The following appeared yesterday in Garrison Keillor’s The Writer’s Almanac newsletter. Does it sound familiar to you?
It was on this day in 1864 that Abraham Lincoln was elected to his second term as President of the United States, an election that helped ensure the preservation of the Union. It was one of the only times in history that an election was held by a nation in the middle of a civil war.
Lincoln had a lot of reasons to worry the election might not go his way. The summer before the election, most Americans were weary of war, and calls to end the conflict were becoming louder and louder. Then, at the beginning of July, 1864, Lincoln was confronted with the embarrassment of a Confederate battalion trying to invade and capture Washington D.C. itself. The Confederates were driven off but not captured, and everyone who knew Lincoln at the time said he was in a terrible mood for the rest of the month.
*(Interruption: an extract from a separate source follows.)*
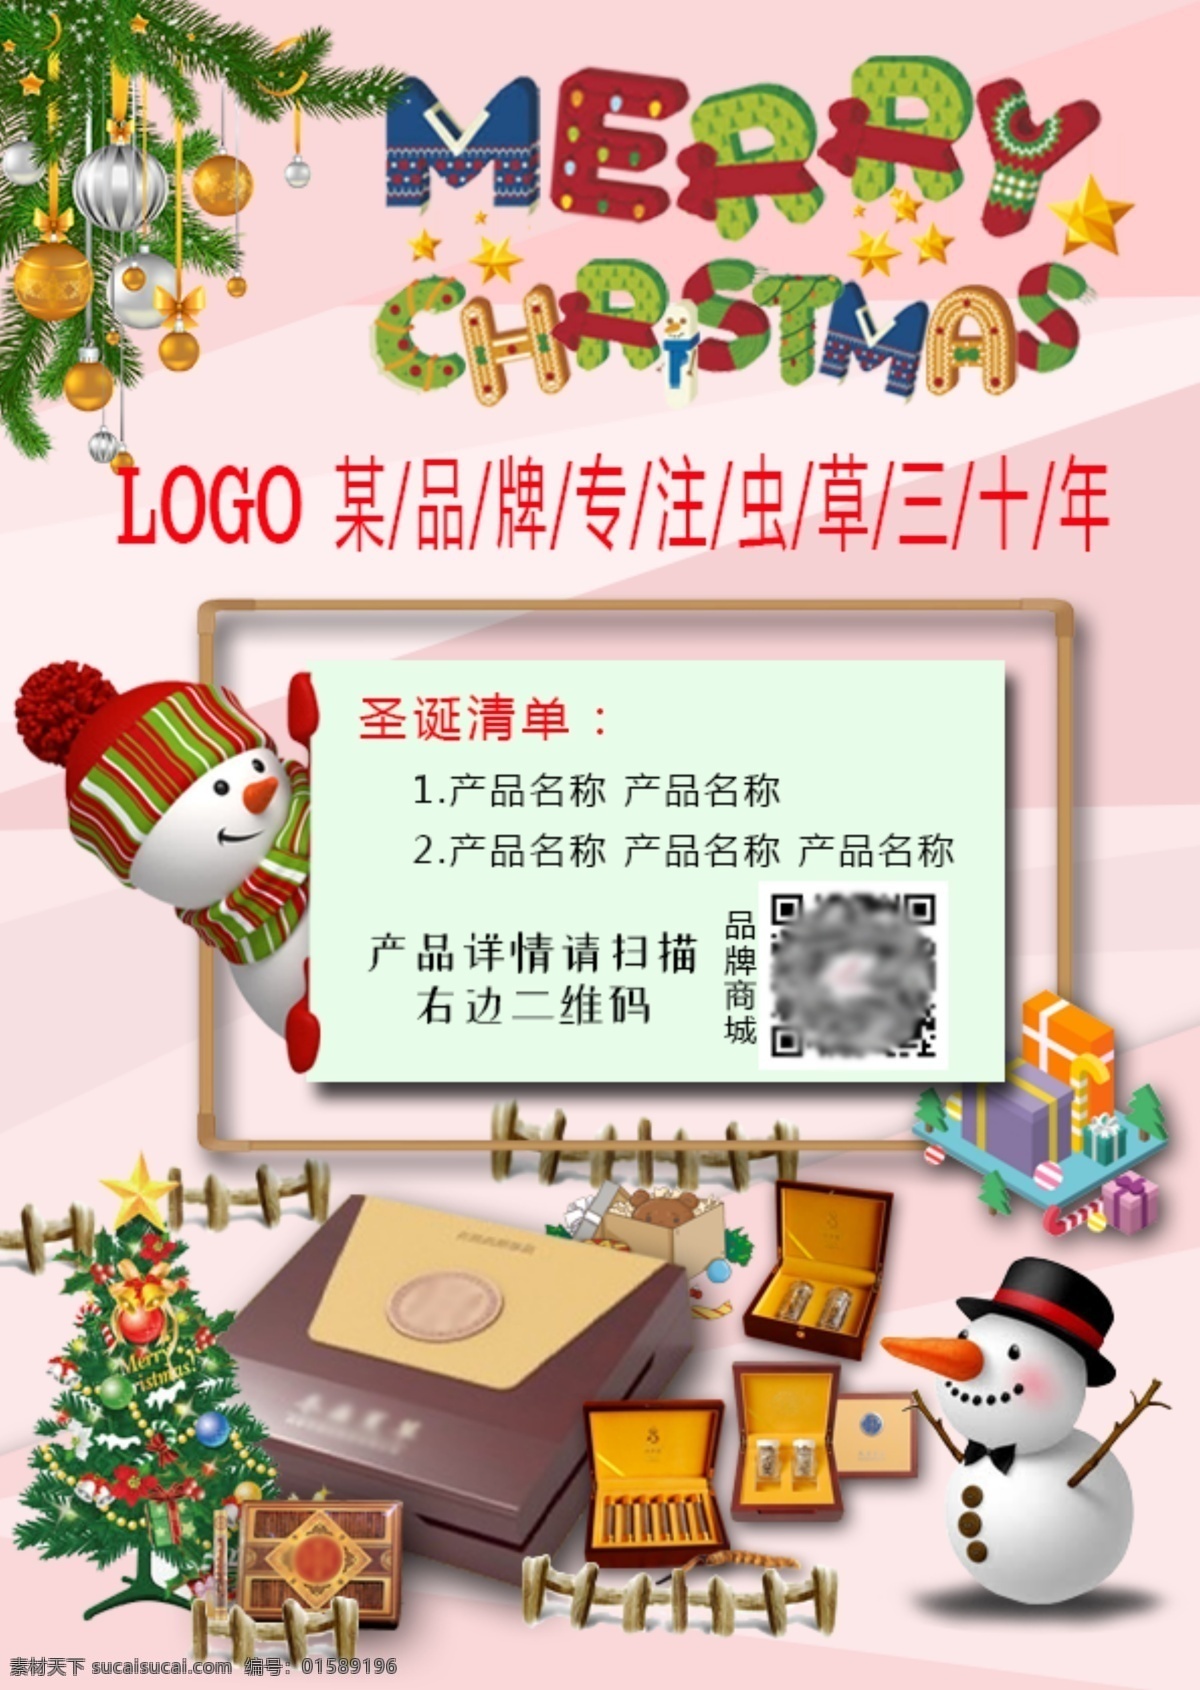 圣诞节 产品 宣传海报 冬虫夏草 雪人 圣诞树 礼物 产品宣传 原文件 可修改 粉色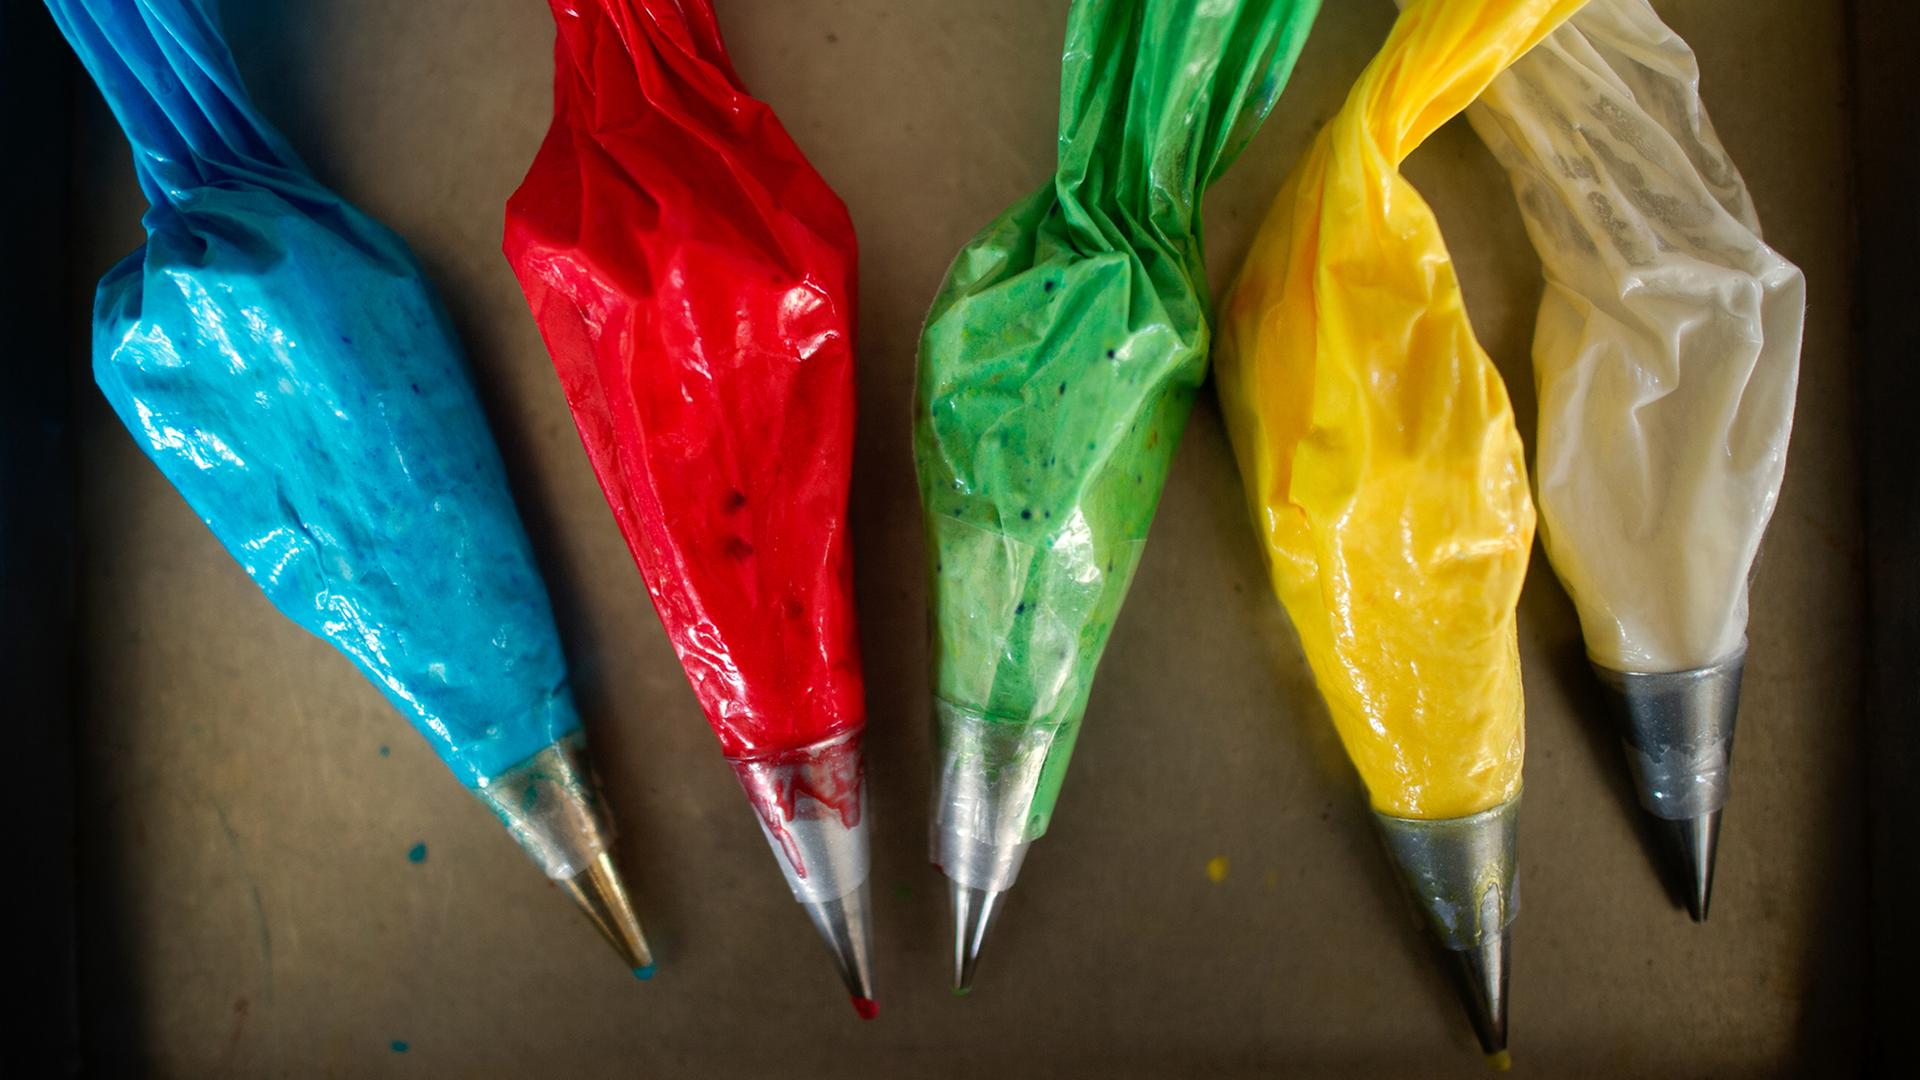 Zuckergusstüten mit Lebensmittelfarbe in verschiedenen Farben liegen auf einem Tisch in einer Bäckerei.

In August, Lincoln announced that he would only negotiate peace with the Southern states if they reintegrated with the Union and if they abandoned slavery. This was the most radical position he’d taken on slavery yet, and it was so controversial that he began to lose support among his few allies in the Democratic Party, as well as members of his own Republican Party. There was talk that the Republican Party might try to nominate someone else. Lincoln worried that he’d made a terrible mistake, and so he didn’t say anything else about slavery for the rest of the campaign.
The war continued to go badly. On July 30, 4000 Union soldiers were killed in a disastrous attempt to invade Petersburg, Virginia. The army needed 500,000 more soldiers, Lincoln would probably have to call for another draft, and the war debt was becoming unsustainable. Even moderate Republicans began to criticize the president’s policies. On August 23, Lincoln wrote a memorandum to his cabinet that said, “This morning, and for some days past, it seems exceedingly probable that this Administration will not be re-elected.”
The Democratic Party held their nominating convention in the last days of August, and they chose to run on a platform of ending hostilities with the Confederate States. This turned out to be a huge mistake when, on September 4th, General Sherman announced that his army had captured Atlanta. At the same time, Rear Admiral David G. Farragut announced that he had captured Mobile, Alabama, the last major Gulf port in Confederate hands.
Suddenly, the Democratic Party looked like the party of surrender when the Union was on the verge of winning the war. In the end, Lincoln carried every state except New Jersey, Delaware, and Kentucky.